Update Routing Policies¶
Hot-reload routing policies at runtime.
Request¶
{
"routing_policies": [
{
"name": "all_to_flagship",
"when": {},
"route_to": {"tier": 1}
}
],
"virtual_model": "auto",
"intercept_all": false
}
Load State¶
Returns the current load state with assessment details.
Response¶
{
"enabled": true,
"state": "normal",
"max_tier": null,
"prefer_quantized": false,
"reject_expert": false
}
Cache Stats¶
Returns LLM classifier cache statistics.
Response¶
Clear Cache¶
Clear all entries from the LLM classifier cache.
Response¶
Guardrail Admin APIs¶
The Guardrail Admin APIs let you inspect and adjust the content-safety guardrail policy at runtime without a restart.

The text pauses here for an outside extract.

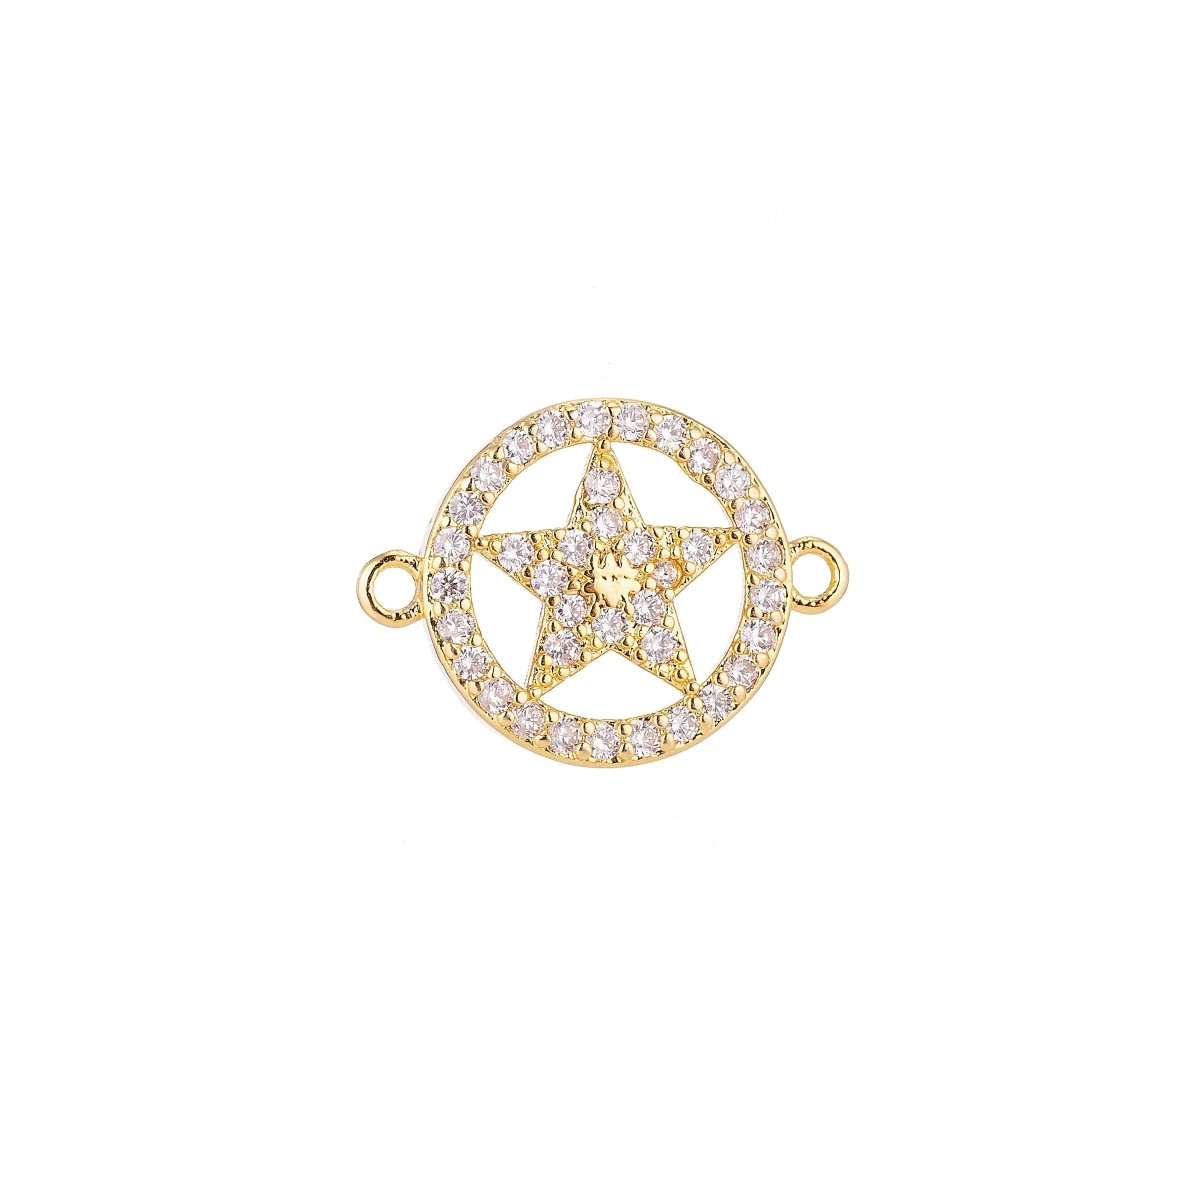 Gold Filled Lovely Elegant Star in Circle Floating Cubic Zirconia Bracelet Charm Necklace Pendant for Jewelry Findings Making, F-035 - DLUXCA

Changes propagate through the same hot-reload config channel that the running GuardrailService subscribes to, so a mode switch, an enabled toggle, a threshold change, or a route override takes effect on the live request path immediately. All endpoints are mounted under /admin/guardrails and require the same authentication and audit logging as the rest of the Admin API.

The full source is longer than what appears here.